• [EXERCISE] The line containing "-Diamonds (Total Carat Weight: 0.15ct)" and every line after it to the end of the records: set those down exactly, without any pictures.

[Recorded data]
<<<<

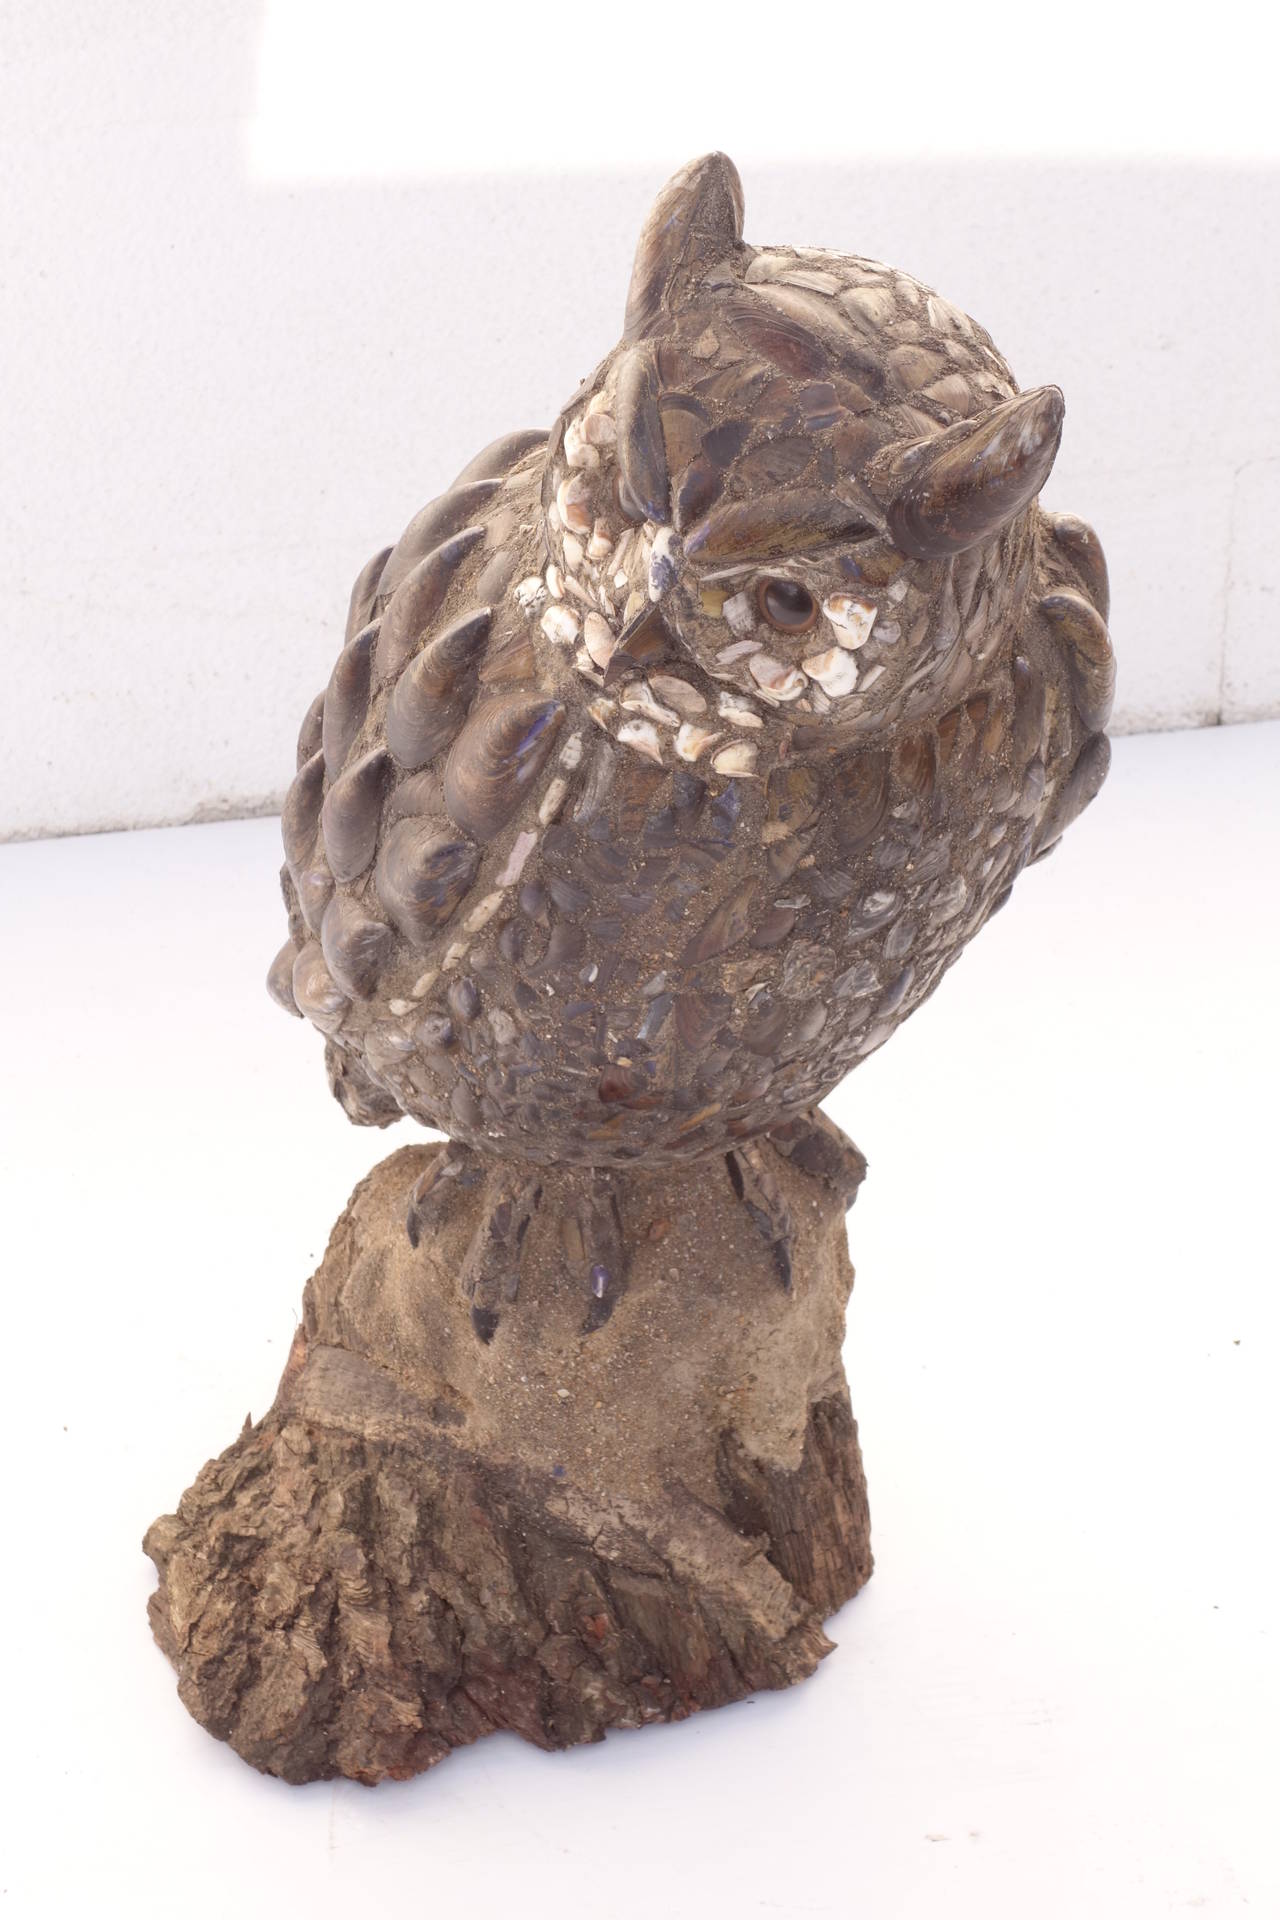 Folk art owl sculpture made from mussel shells and sea shells, made in England, one of a kind. Hand-made by artist. 11
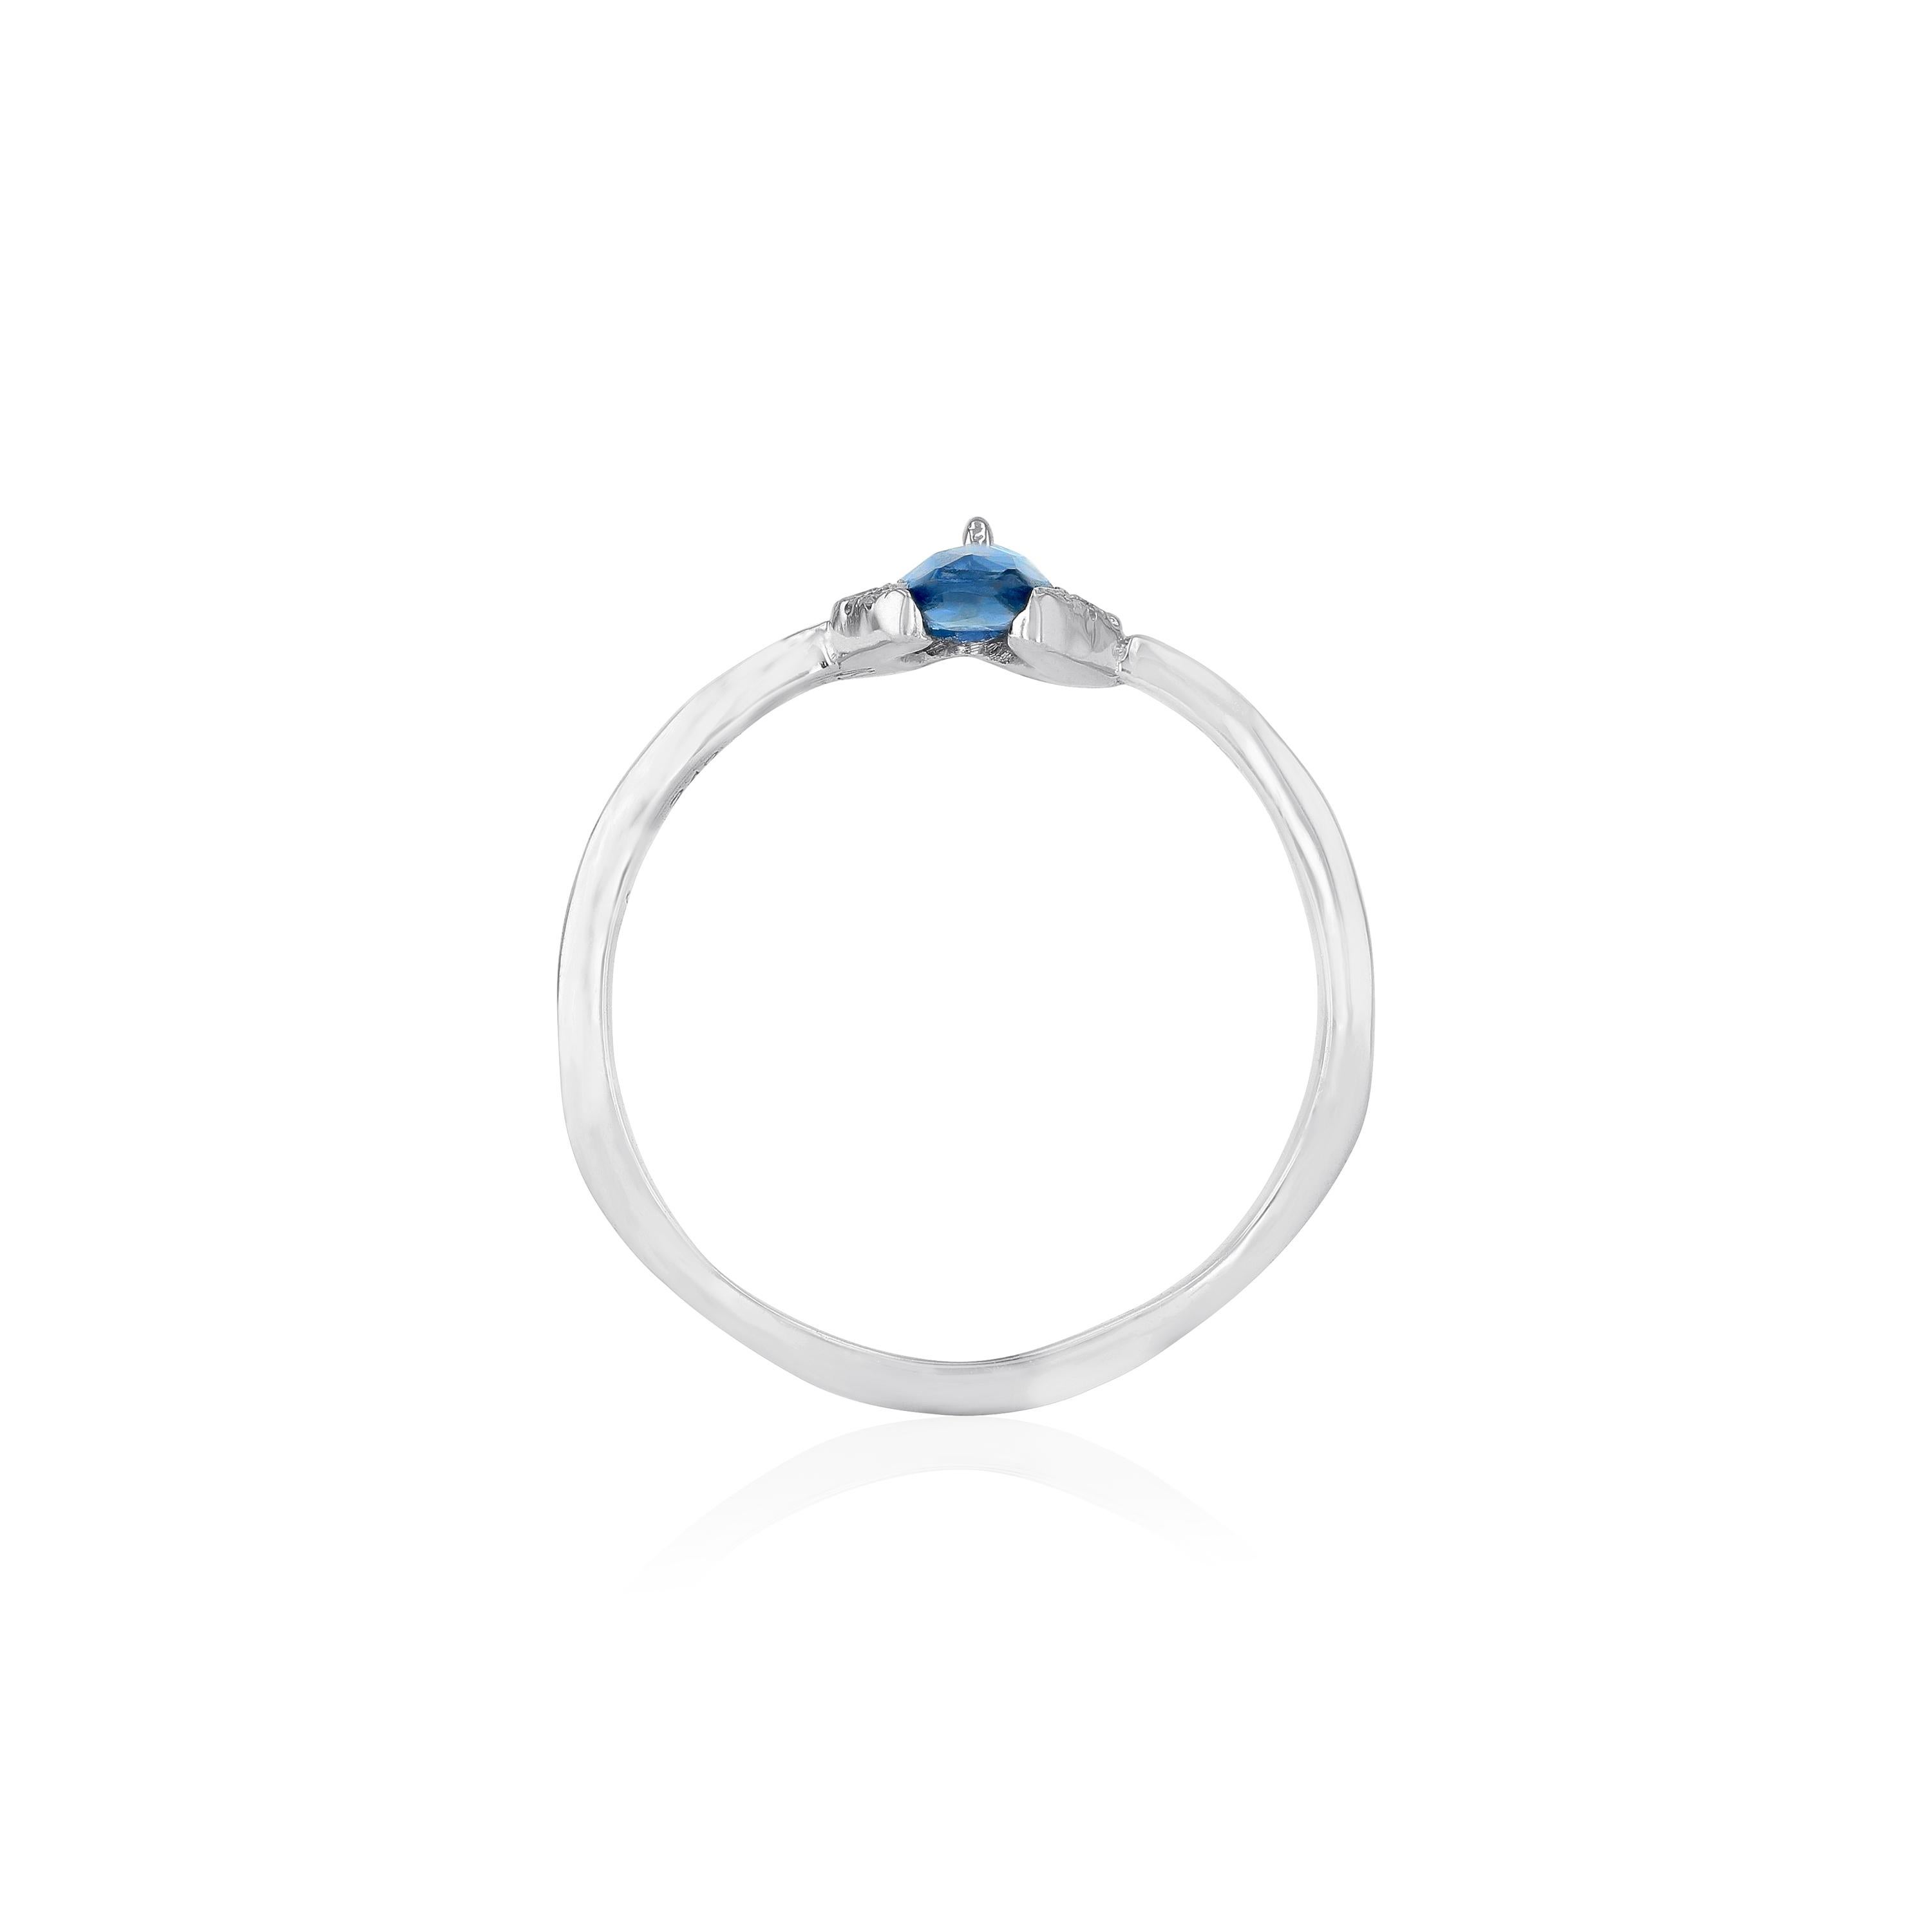 Inspired from the Arabesque designs and Islamic architecture, this ring is crafted from 18k white gold with blue sapphire and a marquise diamond on top. Slip it on with similar styles for stacked look.
 -Diamonds (Total Carat Weight: 0.15ct) 
- Blue
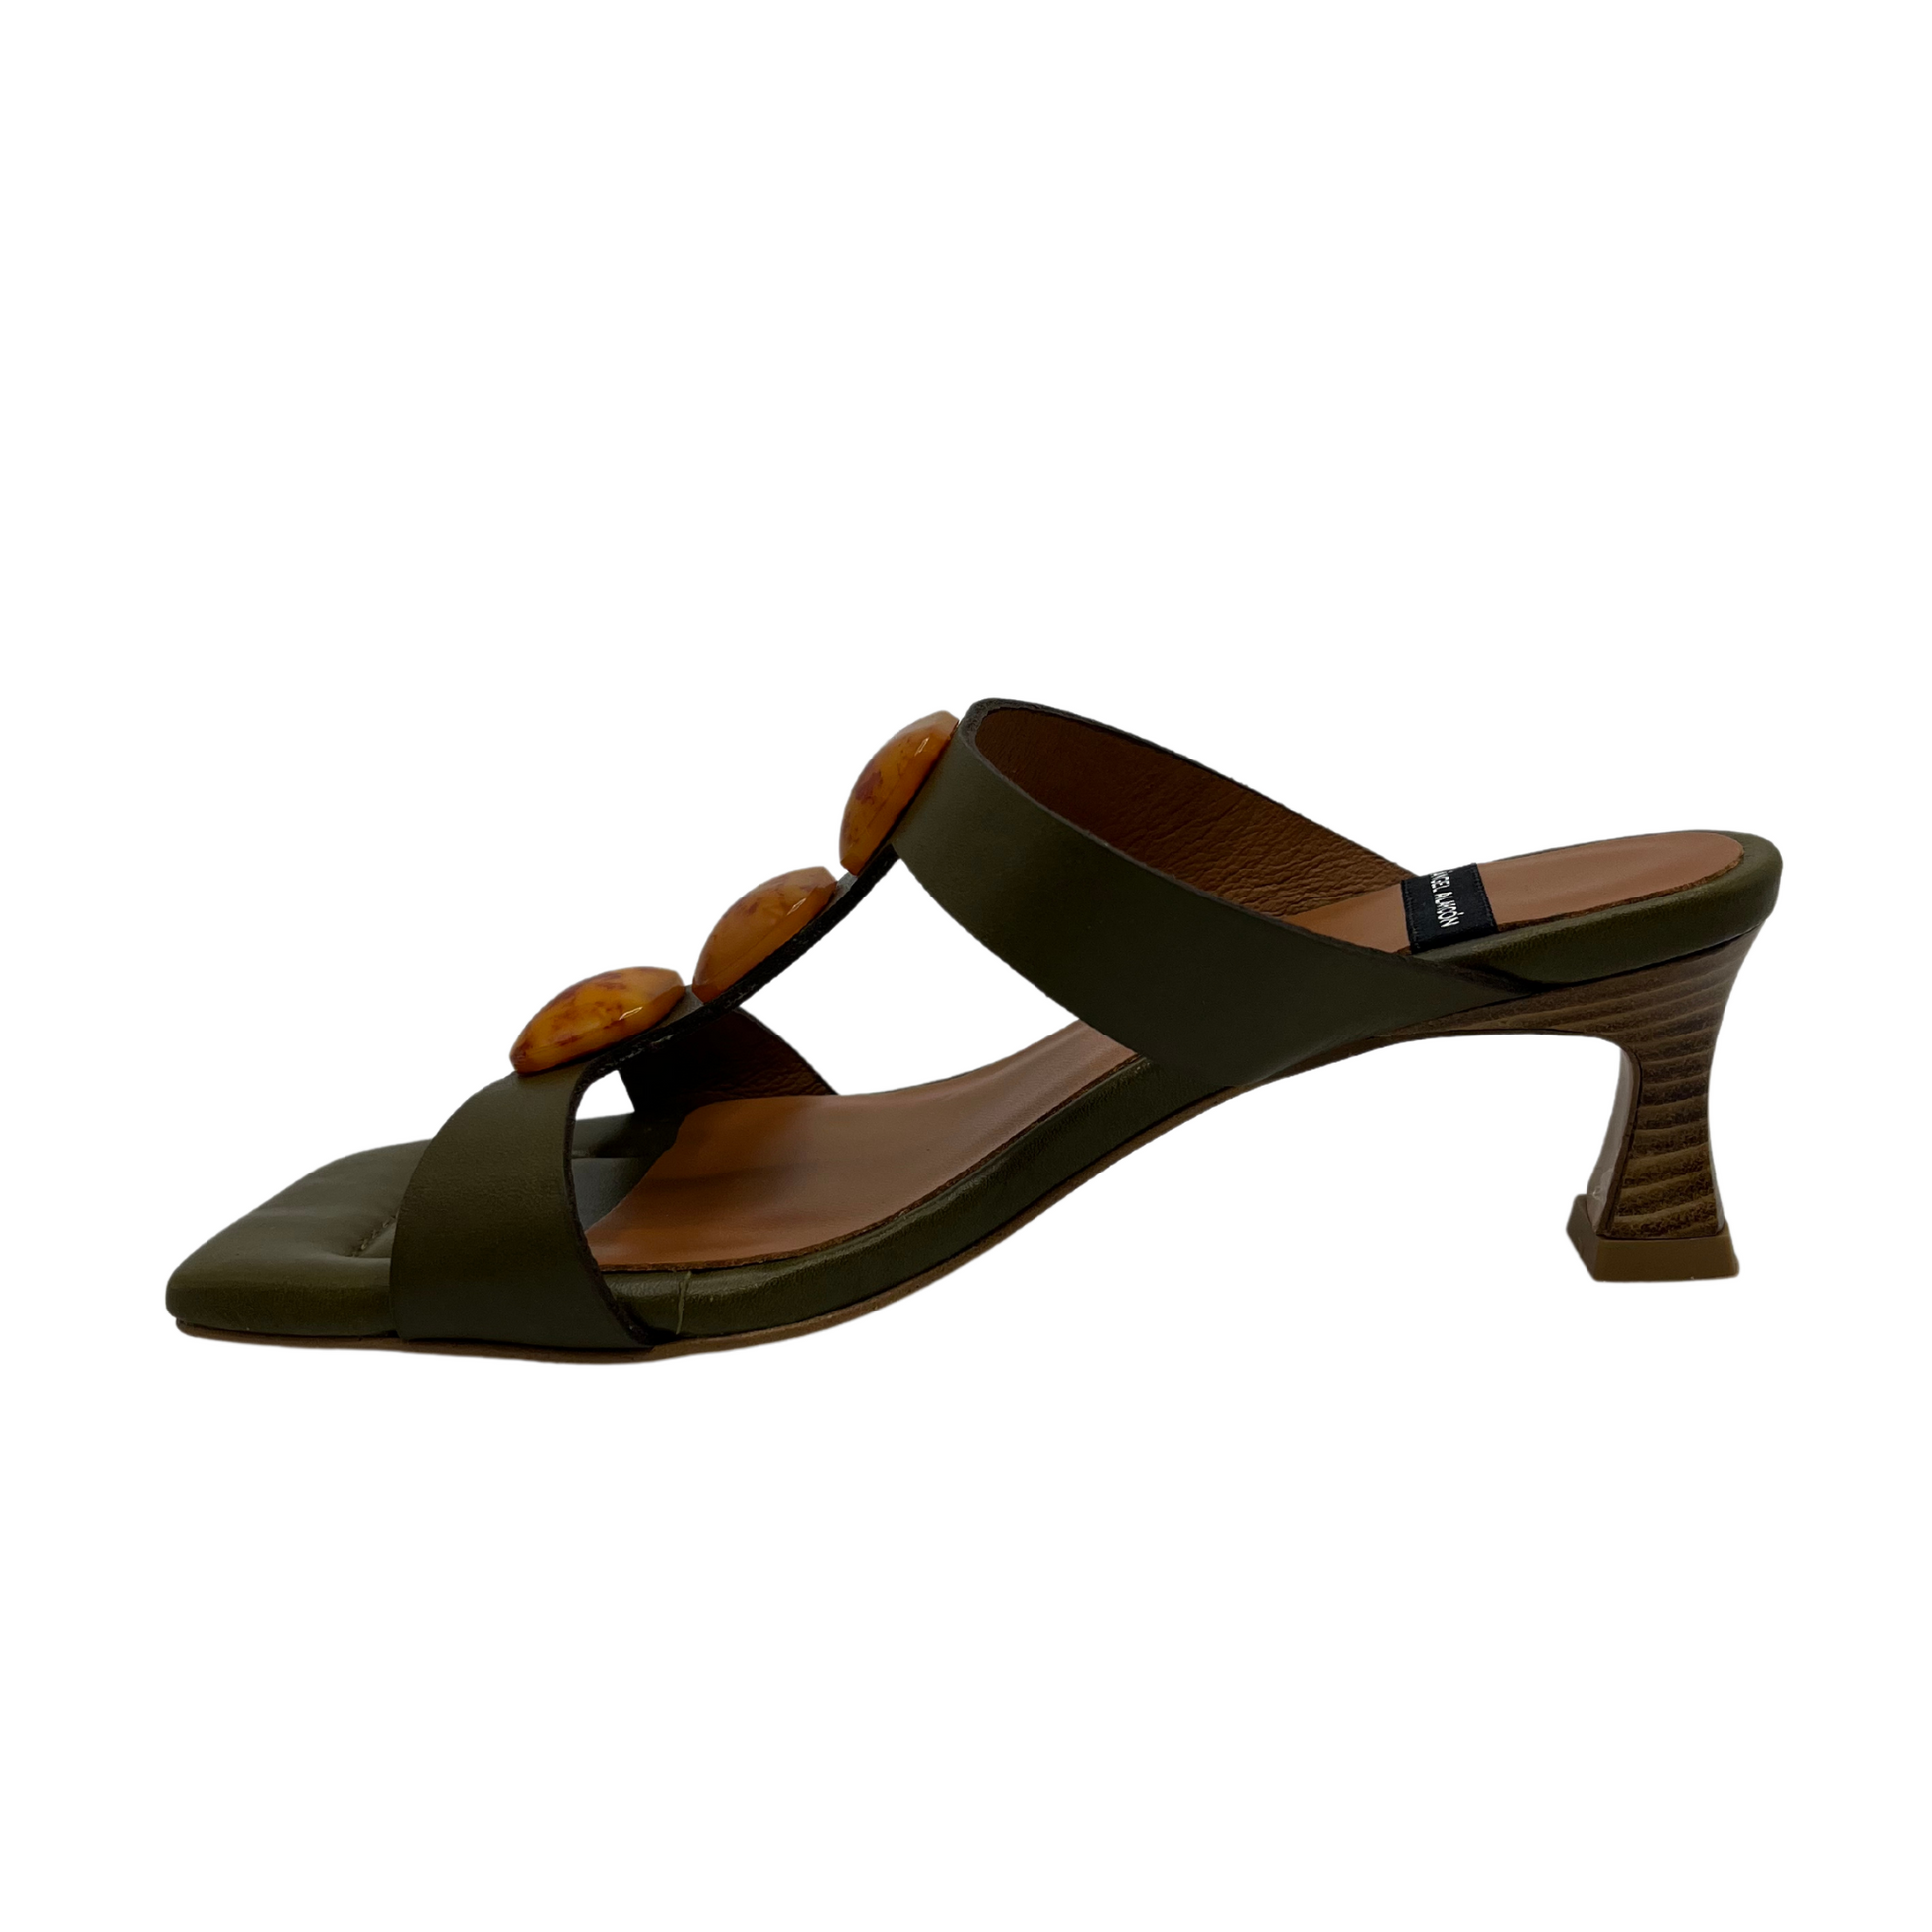 Left facing view of khaki leather sandal with square toe and square ornaments on upper. Flared heel and padded insole.

>>>>

• [RESULT OF THE TASK]
 -Diamonds (Total Carat Weight: 0.15ct) 
- Blue
 Left facing view of khaki leather sandal with square toe and square ornaments on upper. Flared heel and padded insole.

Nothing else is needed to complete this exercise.